Die Weltanschauung von Irina Solonenko spielt in ihrem Workshop eine sehr große Rolle. Während andere Gruppen über Weißrussland und den Kaukasus sprechen, moderiert sie die Diskussion zur Ukraine. Die 37-Jährige kommt aus Kiew, lebt aber in Berlin. Sie hat die dortige Euromaidan-Bewegung mit aufgebaut. In den Händen hält sie die meiste Zeit ihr Handy. Dessen Rückseite schmückt die Farben der ukrainischen Flagge - sowie ein Spruch der Euromaidan-Bewegung: Ich bin ein Tropfen im Ozean. Die Aktivistin verlässt des öfteren ihre Rolle als Moderatorin und schaltet sich mit steilen Thesen in die Diskussion ein. Sie wisse nicht, wie weit Putin gehen würde. Vielleicht mache er nicht vor der Ukraine halt und "endet wie Hitler."
"Warum soll nur Russland lügen?"
Eine junge Russin aus Moskau erzählt, die Familie ihres Onkels lebe in Donezk und habe alles durch den Krieg verloren.

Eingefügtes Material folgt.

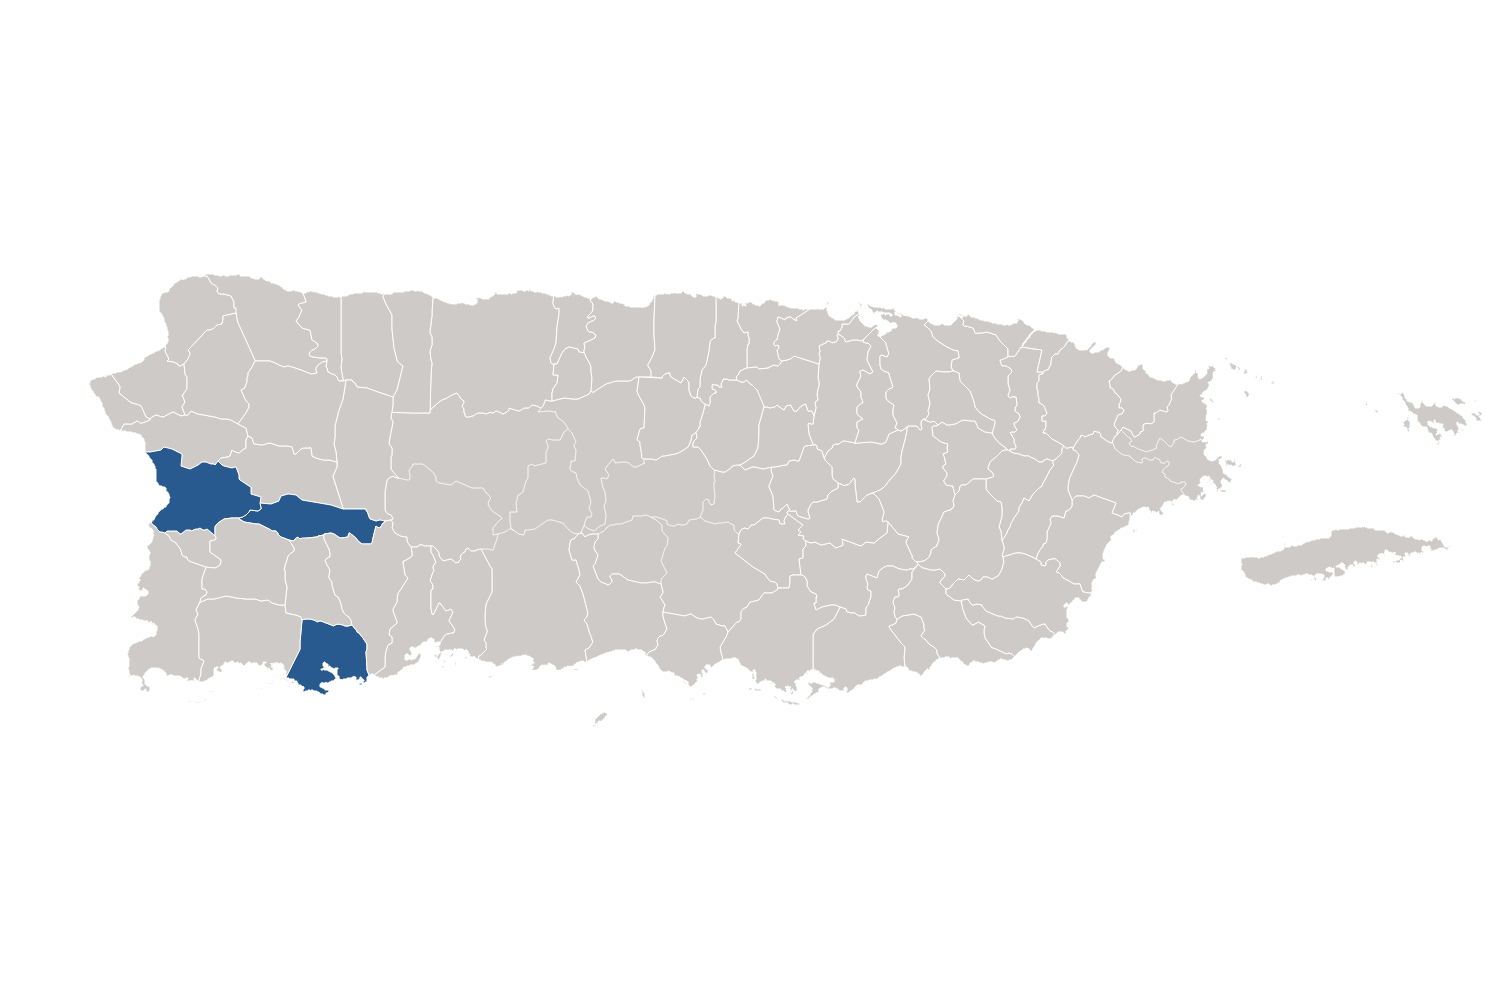 Image of southwest Puerto Rico
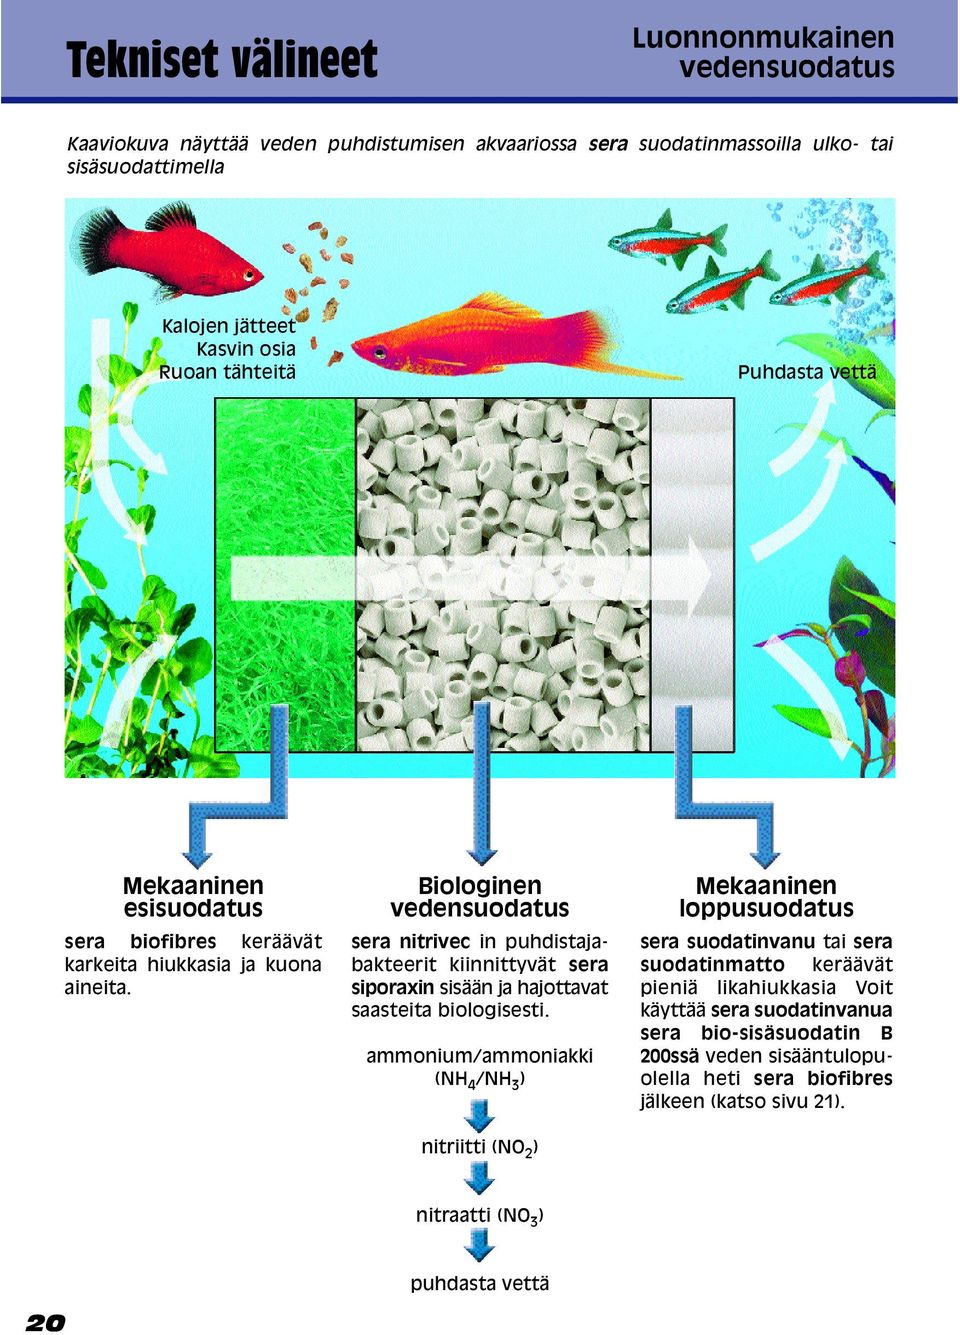 Biologinen vedensuodatus sera nitrivec in puhdistajabakteerit kiinnittyvät sera siporaxin sisään ja hajottavat saasteita biologisesti.

Warum die ukrainische Regierung das Militär in den Osten der Ukraine schicken musste, fragt sie. "Was würdest du denn tun, wenn jemand bewaffnet zu dir nach Hause kommt", fragt Solonenko zurück, die davon überzeugt ist, dass sich russische Truppe im Osten der Ukraine aufhalten. Mit der Frage wolle man gar nicht erst anfangen, sagt ein polnischer Teilnehmer und hebt abwehrend die Hände.
Stattdessen entsteht ein Streit über die Verbreitung von Informationen durch die Medien, die die polnischen und russischen Teilnehmer besonders leidenschaftlich führen: Die Russen würden Bilder und Umfragen manipulieren, sagt Thomas, ein Jurastudent aus Warschau. Das provoziert Wladimir aus Kaliningrad: "Warum soll nur Russland lügen - warum nicht auch der Westen? Das ist schwarz-weiß-Seherei." "Nein, ihr seht schwarz-weiß", sagt Thomas und wendet wütend den Kopf ab.
Später werden beide übereinander sagen, wie sinnlos es ist, mit dem jeweils anderen über das Thema zu diskutieren. "Die Polen hören uns nicht zu", sagt Wladimir. "Die Russen wiederholen nur das, was sie zuhause hören", sagt Thomas. Über die Deutschen äußern sie sich allerdings sehr positiv. Die würden alles so rational sehen. So wie Christian, der noch mal seine Äußerung über die Teilung der Ukraine erläutern will. "Ich finde das nicht gut - ich denke nur, dass es das einzige mögliche Szenario ist." Doch da ist die Zeit schon vorbei. Die Sonne ist mittlerweile herausgekommen. Und Wladimir aus Kaliningrad sagt: "Lasst uns Fußballspielen gehen, das bringt uns wieder zusammen."